O, Africa! by Andrew Lewis Conn.
Hogarth, 373 pp. $25.
In the 20th century, three minority groups comprised the Other in American life: Jews, blacks and gays. At separate times, using different methods and with varying success, each group sought to move from discrimination, segregation and secrecy toward the mainstream.
These groups, with their double lives, coded language and outsiders’ view of their own country, shared something else in common: an outsized influence on American culture. In O, Africa! novelist and film critic Andrew Lewis Conn sets this triumvirate of strivers against the backdrop of the silent film era in its final days.
The result is a story that often feels more contemporary than period as it explores the Otherness of its characters and the power of film to shape a culture. Micah Grand, son of Jewish immigrants, is the propulsive force in this book.
A second-tier film director of slapstick comedies, Micah is all impulse, given to Dionysian enjoyment of food, drink and women, so much so that his sporadic attention to his wife and young sons has come to be called, in radio parlance, “a special guest appearance.” Micah is clearly an incomplete and damaged man.
So, too, is his twin brother, Izzy, cinematographer on Micah’s movies and a repressed homosexual. Where Micah is irrepressible, Izzy is withdrawn, preferring to see the world through the filter of a camera lens. Completing this triangle is Micah’s mistress, Rose, an African American woman whose light skin allows her to pass as white.
Conn isn’t particularly interested in historical fidelity. He has set down his 21st-century concerns in the Prohibition Era, but O, Africa! largely feels contemporary. The writer has said that he didn’t want the novel to feel “like an Old Time nostalgia trip,” and there is nothing sepia about this book. Micah’s very earthiness – and Conn’s – sees to that.
But sometimes the period reminders are distracting. And I found myself wondering whether this or that period detail was an anachronism – like popsicles, which Micah recalls as a childhood pleasure, but hadn’t been invented yet.
Those concerns disappear when the story moves to the heart of darkness in Africa, a less-known territory for readers, where the characters leave the modern world, and the concepts of history and progress, behind.

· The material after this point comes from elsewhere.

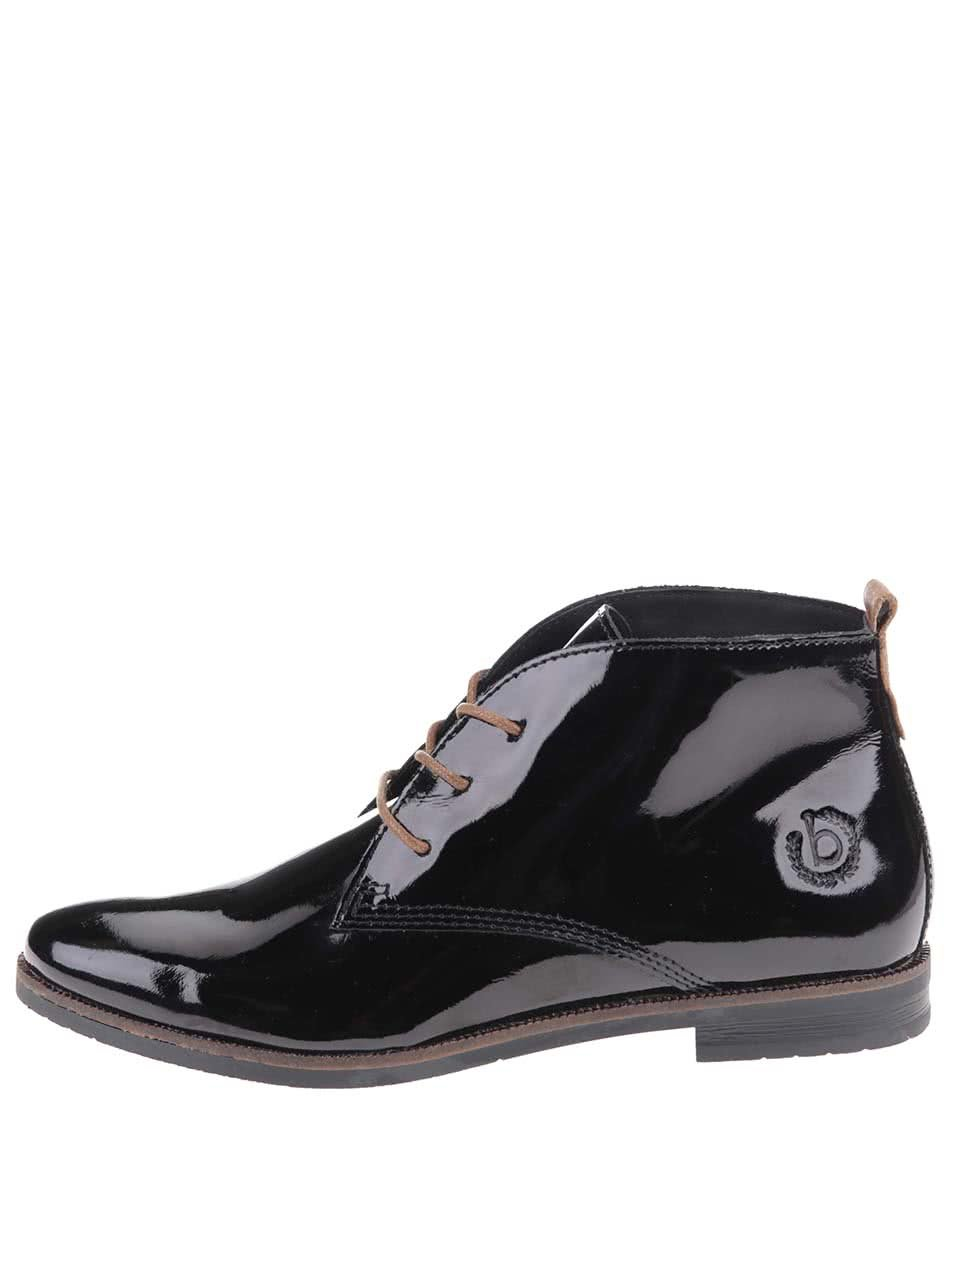 9e0c33b987b Černé dámské kožené lesklé boty bugatti Faith ...
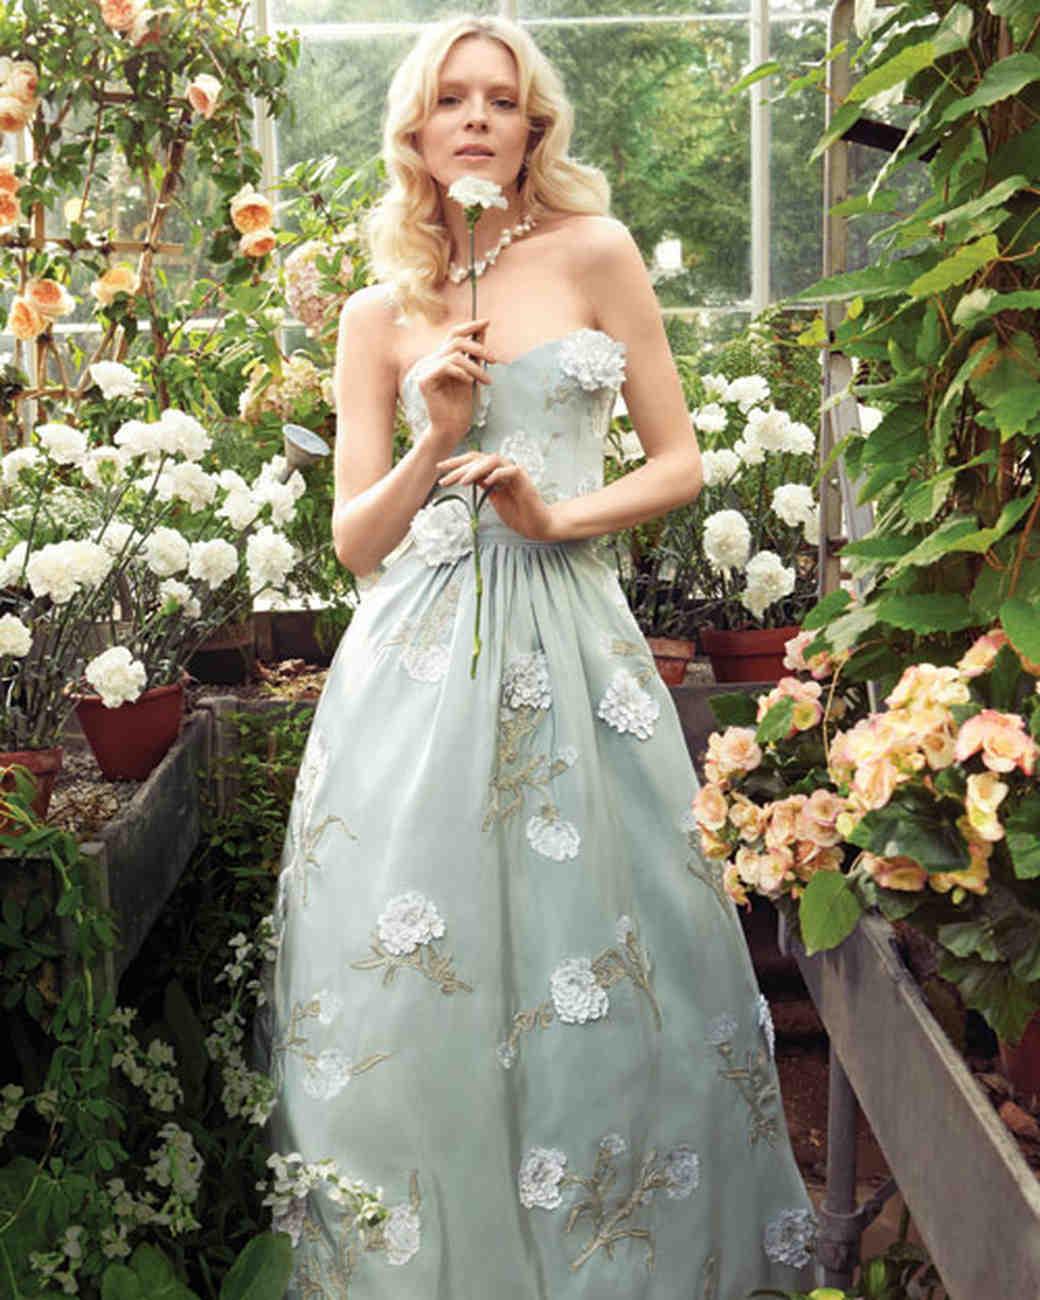 Blue Wedding Dress With Flowers

It takes a while before the reader, caught up in an early 20th-century Jewish immigrants’ tale, begins to learn why Africa is in the title. With the sound era threatening the solvency of silent picture studios, Micah’s boss concocts a plan to send the brothers and a crew to Africa to shoot nature scenes that the studio can then license to other filmmakers. While there, Micah, Izzy and Co. will also shoot another comedy.
And then there’s another script to be shot, foisted on Micah by Mr. Waldo, an ageless Harlem gangster to whom Micah owes a sizeable gambling debt. Mr. Waldo’s script is an explosive retelling of the African American experience from Africa, through slavery and Jim Crow, ending with the hope for a brighter tomorrow sealed by an interracial kiss.
Up the Congo River travel the Grand brothers and their crew – “a gallery of misfits,” Izzy thinks – and then overland until they reach the land of the Malwiki, a place untouched by modernity and so poised to be changed beyond recognition by the film crew in their midst. While the experience changes everyone, it is perhaps Izzy who is the most profoundly moved, as he finds himself for the first time immersed in a culture that has no concepts of gay or straight.
And it is he who is most devastated by the chain of events the mob of misfits sets into motion, returning to America and losing the self he found in Africa. O, Africa! might not inspire such self-revelation in readers, but it is a trip worth taking.